Izzo passionate discussing Weber's firing
Tom Izzo was only a few minutes into his postgame press conference when somebody asked about the news of the day -- Bruce Weber's firing at Illinois. He asked to wait until the end. 'My wife and I shed tears this morning,' he said. 'Some were for Bruce. Some were for our profession.'
INDIANAPOLIS -- Tom Izzo was only a few minutes into his postgame press conference when somebody asked about the news of the day -- specifically Bruce Weber's firing at Illinois.
"How about if we hold that until the end because I'd like to say some good things about my team, and then I'd like to get to some things that I think are not very good," Izzo said. "I will come back to it, I promise."
Izzo was true to his word. Before exiting the stage tucked away here in a corner of the Bankers Life Fieldhouse, the Michigan State coach -- whose Spartans had just cruised to a 92-75 win over Iowa in the Big Ten tournament quarterfinals -- spent several minutes talking passionately about the man he called a "friend" and "great coach," and Izzo made it clear this development made him feel "sick" about the direction of his profession.
"My wife and I shed tears this morning," Izzo said. "Some were for Bruce. Some were for our profession."
Izzo was most bothered by the fact that Illinois athletic director Mike Thomas went on radio Feb. 11 and declined to publicly back Weber while taking calls from frustrated fans. The Illini were 16-8 at the time with wins over Ohio State, Michigan State and Gonzaga. They were in all projected NCAA tournament brackets, but Weber's job security remained a hot topic. When asked about it that day, Thomas said this: "Yes, obviously, that's something people are paying attention to right now. As I've always said, I will assess the situation at the end of the season no different than I do with the other 18 sports, no different than I did for the football program. I need to look at the total body of work and all of the things that come into play as far as making those decisions.
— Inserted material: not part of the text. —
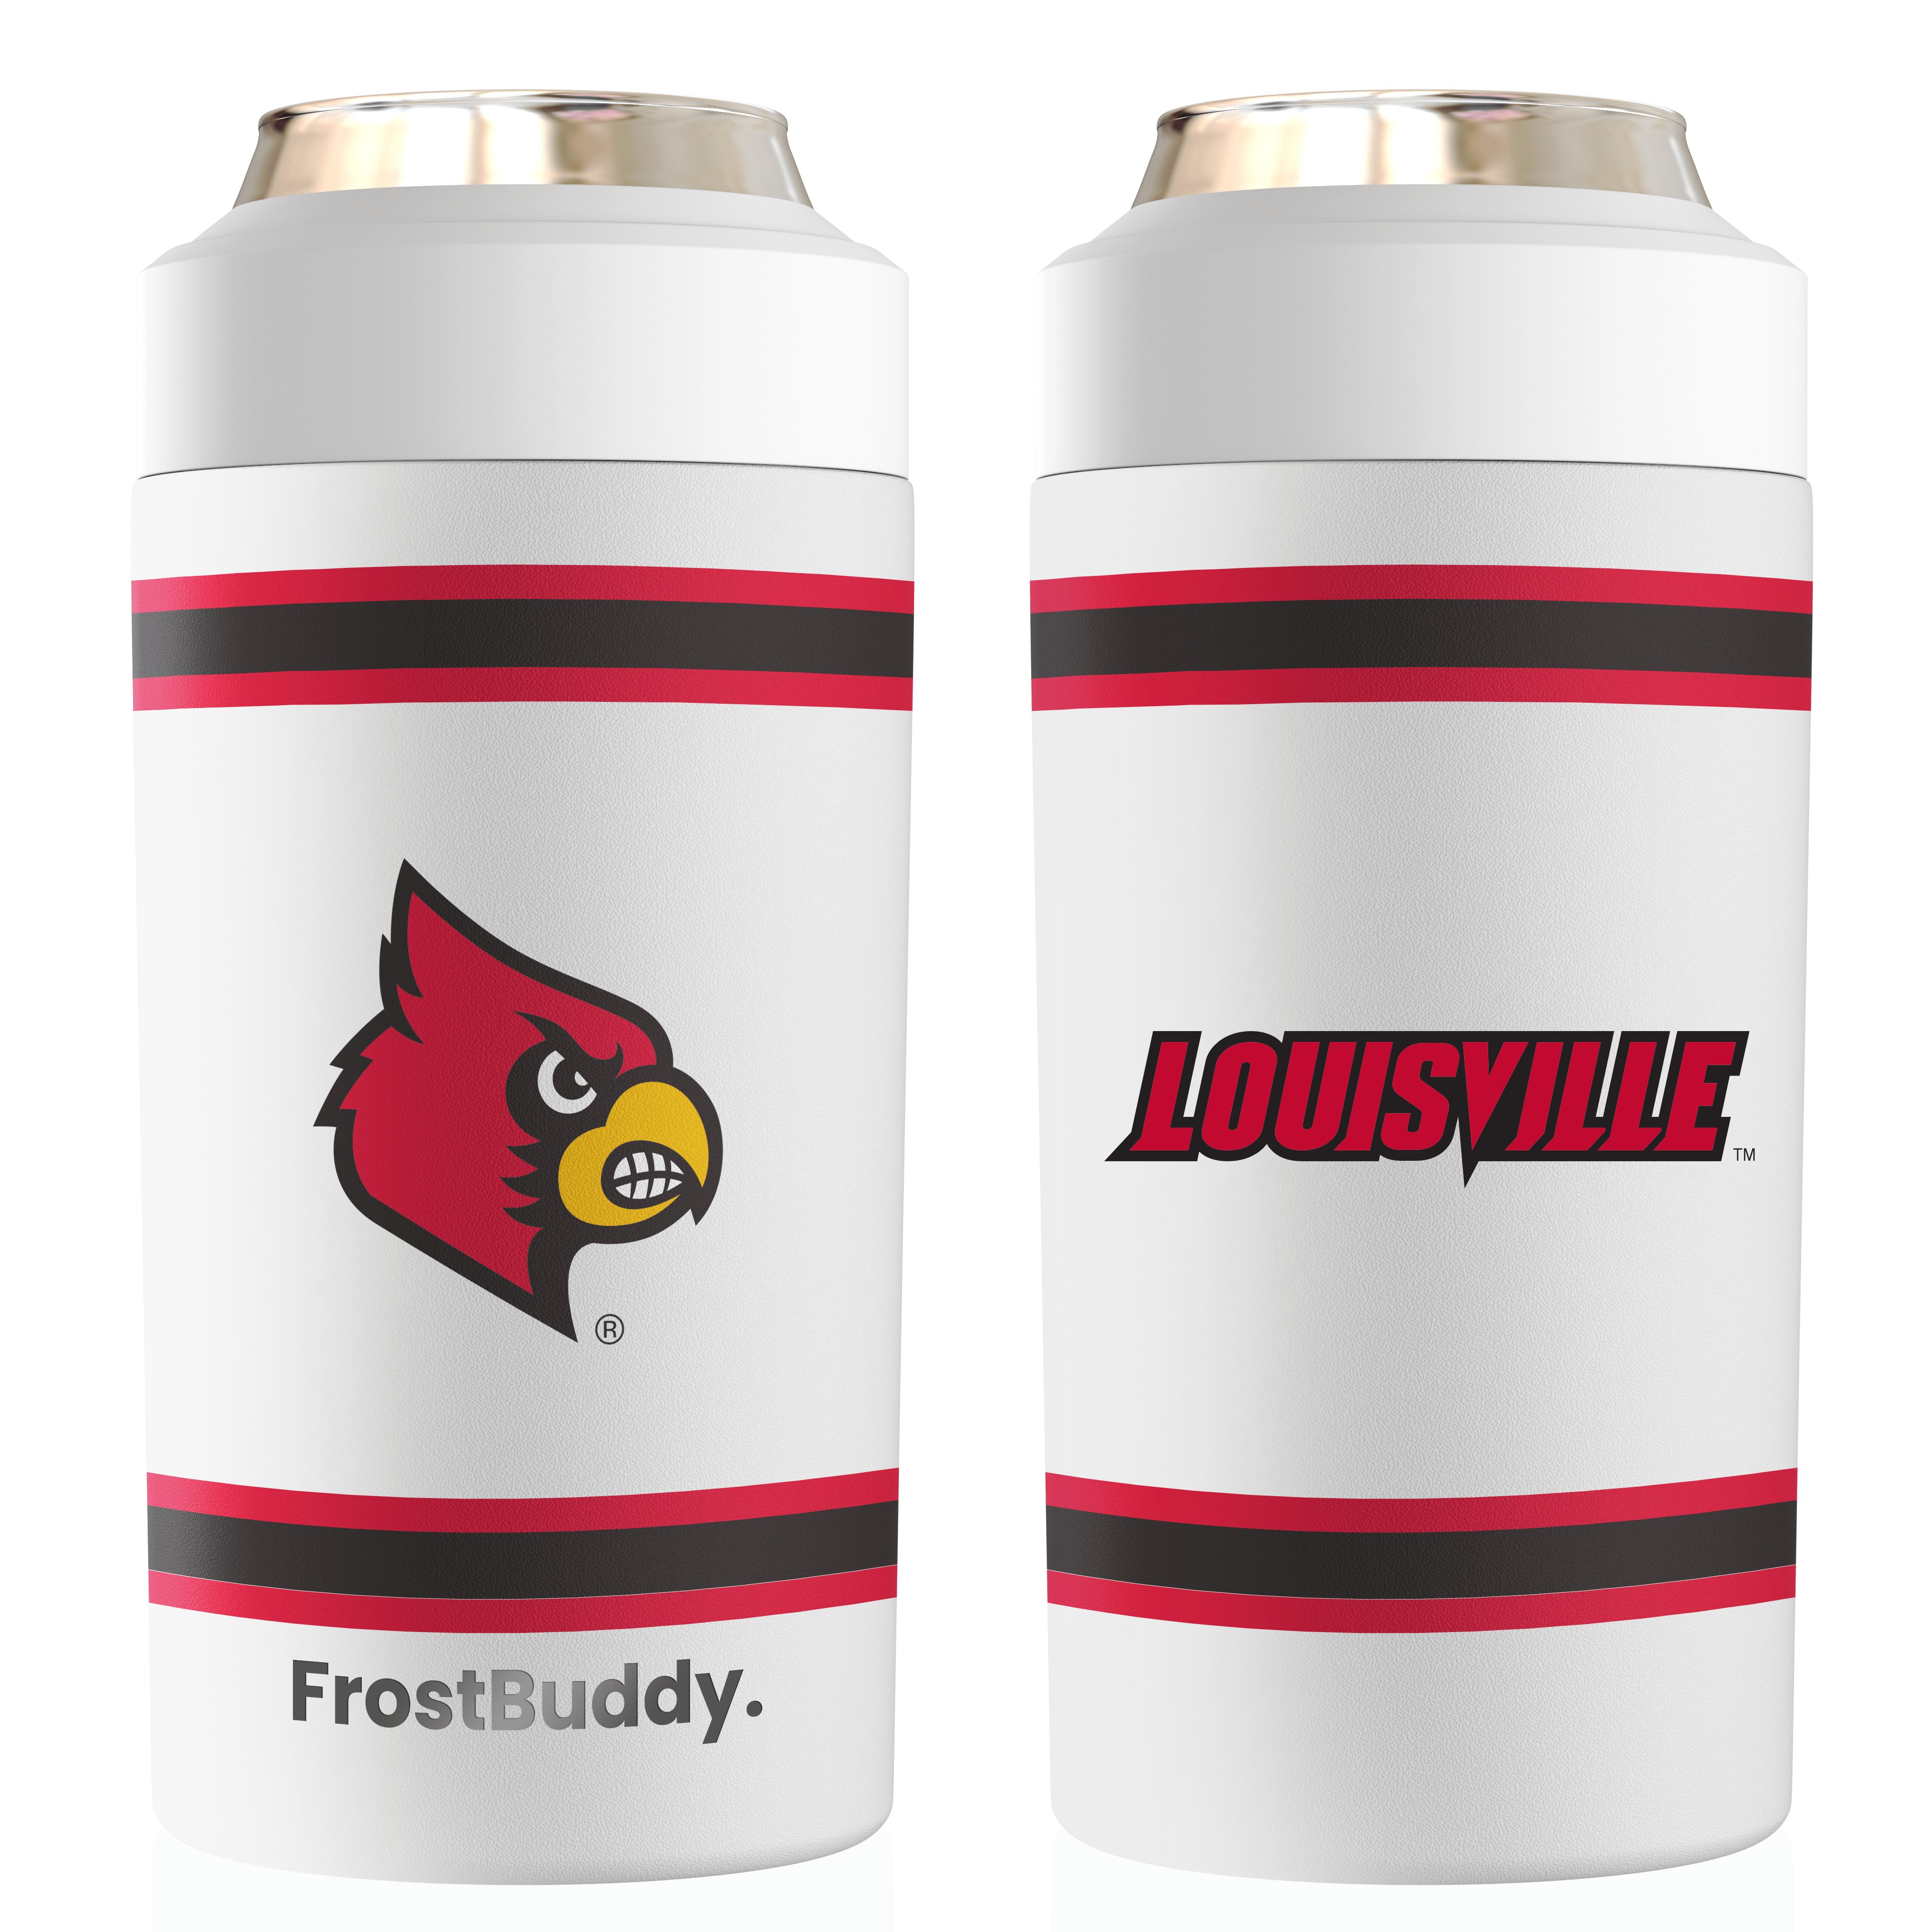 Universal Frost Buddy Koozies 🍻 fit 8oz,12oz,16oz and bottles ALL

Because those are important decisions and they affect a lot of people."
Those comments caused national headlines and intensified the pressure on Weber. Illinois then lost seven of its next eight games, including Thursday's opener in the Big Ten tournament that dropped its record to 17-15 and led to Weber's firing Friday morning. Izzo traced the downward spiral directly to Thomas' comments. He said he believes Thomas "pulled the rug out from underneath" Weber at a point when the season was still salvageable.
"I think it was ridiculous the way that thing was handled," Izzo said. "And if I take abuse for that, I really don't care. ... This isn't about a friendship. This is about a profession. And whenever you're in an organization ... the only way you can be successful is if, top to bottom, from the president to the trainer, we're all on the same page.
"I feel bad for the Illini nation because somebody pulled the rug out from underneath them," Izzo added. "If you look at that team from [Thomas' statement], it went directly down. ... So I hope the administrator that made those comments has a good gameplan because [Illinois] lost a good guy. We lost a good guy. And I just hope he gets another job, and I'm going to do everything in my power to help him."